In summary, the results of two of the studies supported the pre-programming hypothesis, while the other four studies supported the online control hypothesis. It is plausible that longer QEDs enhance putting performance by optimizing both the planning of the putt and the online control of the putt.
Six studies examined whether QE training can improve putting performances (Moore, Vine, Cooke, et al., 2012; Moore, Vine, et al., 2013; Panchuk et al., 2014; Vine et al., 2011; Vine, Moore, et al., 2013; Vine & Wilson, 2010). In one study, novice golfers were divided into a technical instruction group and a QE instruction group (Vine & Wilson, 2010). The participants in each group learned to putt, and then performed two retention tests with one pressure test in between (i.e., a test under elevated anxiety). While QED was longer in the QE-trained group, the performance during the retention tests did not differ between groups. However, during the pressure test, the QE-trained participants maintained their level of performance, while the performance of the technical-trained participants deteriorated. One noteworthy limitation of this study is that both groups received technical instructions, with the QE-trained group receiving additional gaze instructions. Therefore, the increased volume of instructions in the QE-trained group may have contributed to the difference in performance.
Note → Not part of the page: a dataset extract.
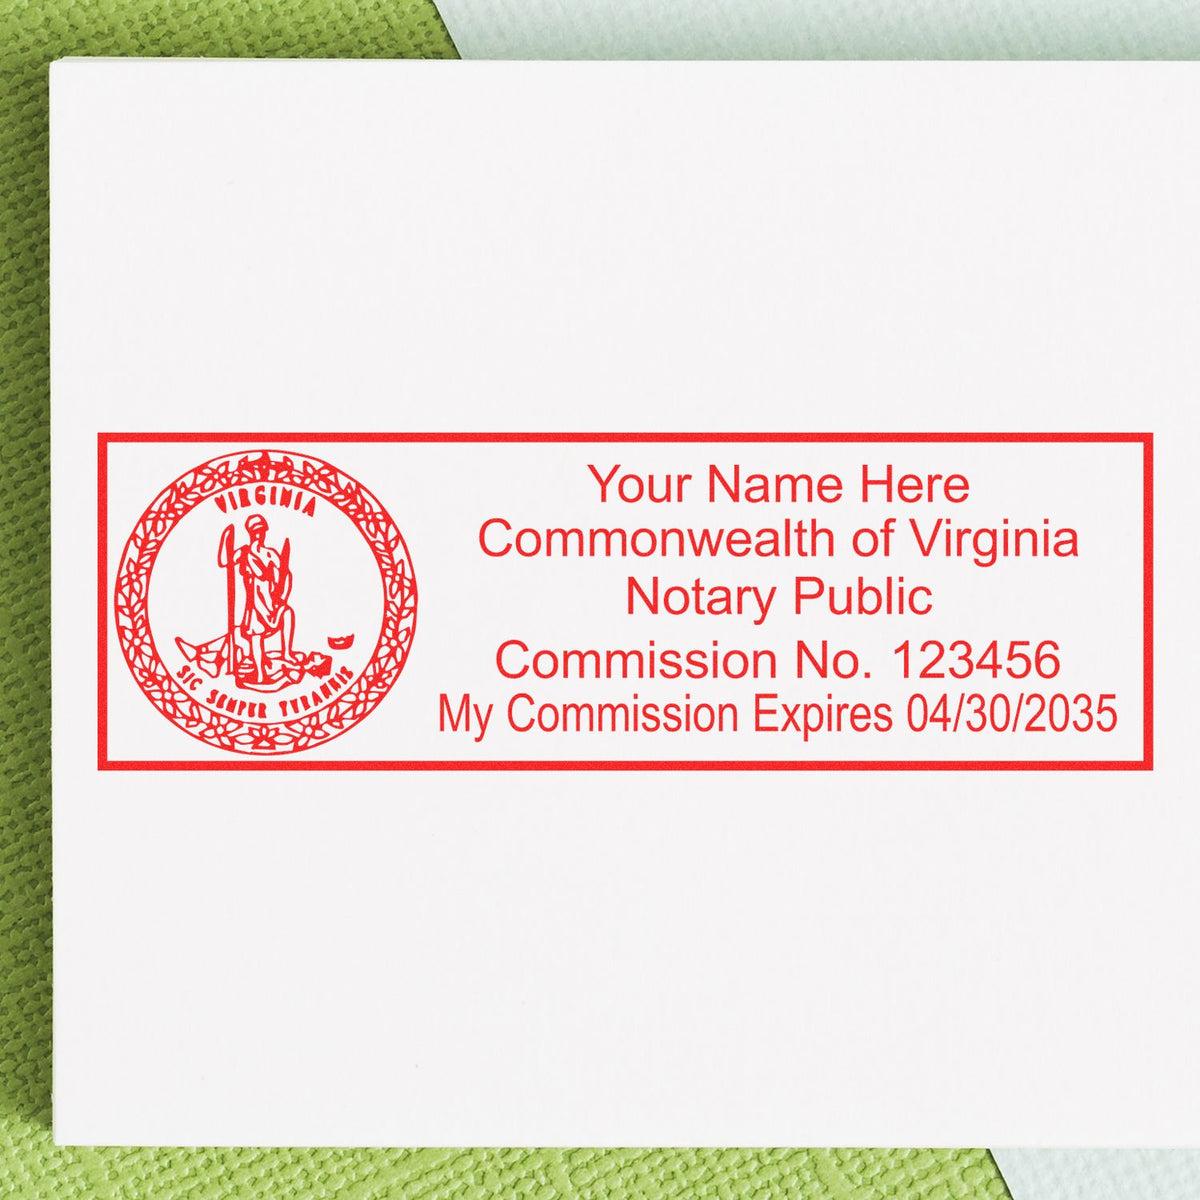 An alternative view of the Slim Pre-Inked State Seal Notary Stamp for Virginia stamped on a sheet of paper showing the image in use

Similar findings were obtained in a follow-up study, where participants in both the QE-trained group and the control (no-QE training) group viewed their own gaze as compared to a video of the gaze of an elite prototype (Vine et al., 2011). Only the participants in the QE-trained group were taught how to observe the differences between their gaze and the gaze of the elite prototype. The QE-trained group was also provided with specific gaze instructions. The QE-trained group holed more putts (60%) in a pressure test (by manipulating social comparisons and creating a competitive monetary incentive) compared to the control group (36%), but not in a retention test. Similarly, the QE-trained group had lower error values (i.e., mean distance from the hole) in both the retention test and the transfer test. The QE-trained group also had longer QEDs (2,794.31 msec) than the control group (1,404.74 msec). In an actual competition, unlike the control group, the QE-trained group reduced the number of missed putts per round of competition and increased the percentage of putts holed from distances of 1.8-3.05 m. The importance of this study is in showing that performance improvement after QE training is not limited to laboratory settings.
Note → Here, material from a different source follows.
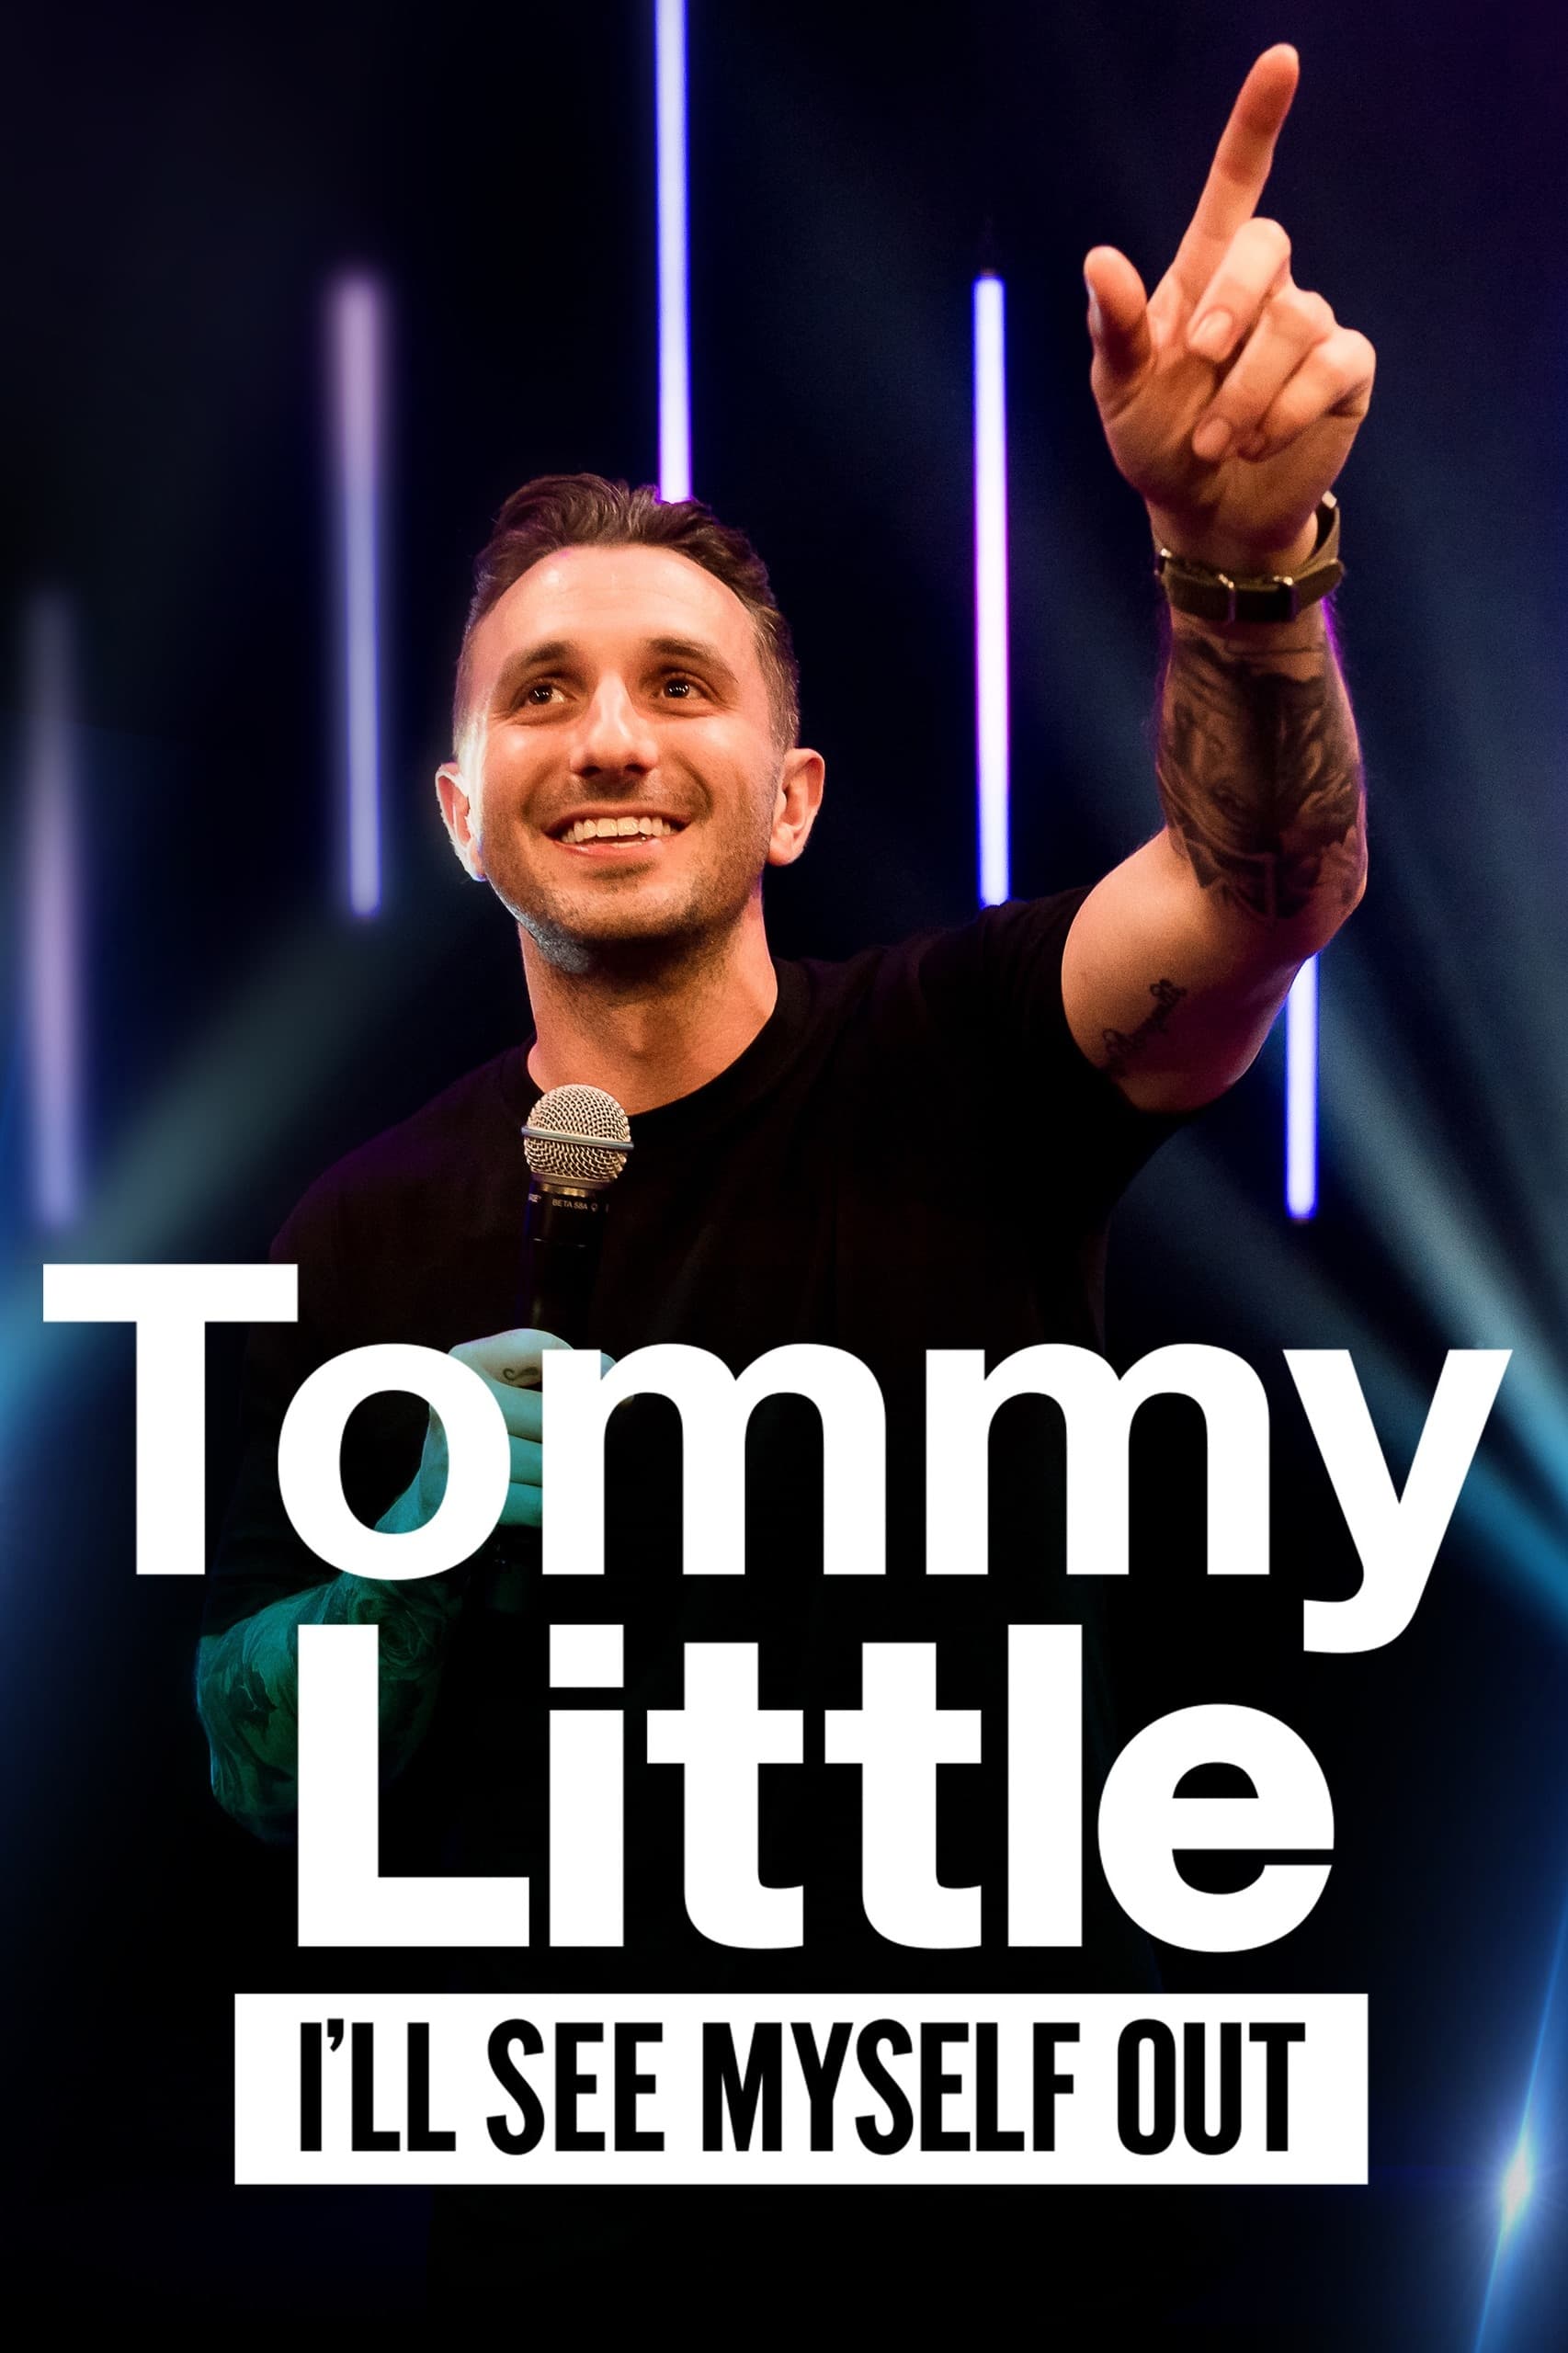 Tommy Little: I'll See Myself Out

A third study included lengthy practice (320 putts), followed by two retention tests with a pressure test in-between (Moore, Vine, Cooke, et al., 2012). QE-trained undergraduate students with no golfing experience had longer QEDs and outperformed technical-trained students in both putts holed and radial error, during both the retention and pressure tests. In addition, the QE-trained group showed lower putter lateral and vertical acceleration, allowing for hitting the golf ball with the club head’s “sweet spot” and hitting the center of the ball, respectively. The QE-trained group also showed greater heart rate deceleration, which usually characterizes experienced golfers, as well as reduced muscle activity that – as the authors suggested – can be associated with external focus of attention, which has been shown to improve motor performance (Wulf, 2013).
In a follow-up study of a subset of the participants from the 2012 study of Moore and colleagues (Moore, Vine, Cooke, et al., 2012), a possible psychological mechanism that explains how QE training can improve performance under anxiety was proposed (Moore, Vine, et al., 2013). The QE-trained group appraised the putting task under pressure as a challenge, while the technical-trained group appraised it as a threat. It is possible, therefore, that the improved performance of the QE-trained group in this study was due to increased resiliency to the possible negative effects of anxiety. As the authors of this study explained, QE training can enhance the perception that coping resources are available, and may be used as a pre-performance routine that can alleviate the negative effects of anxiety.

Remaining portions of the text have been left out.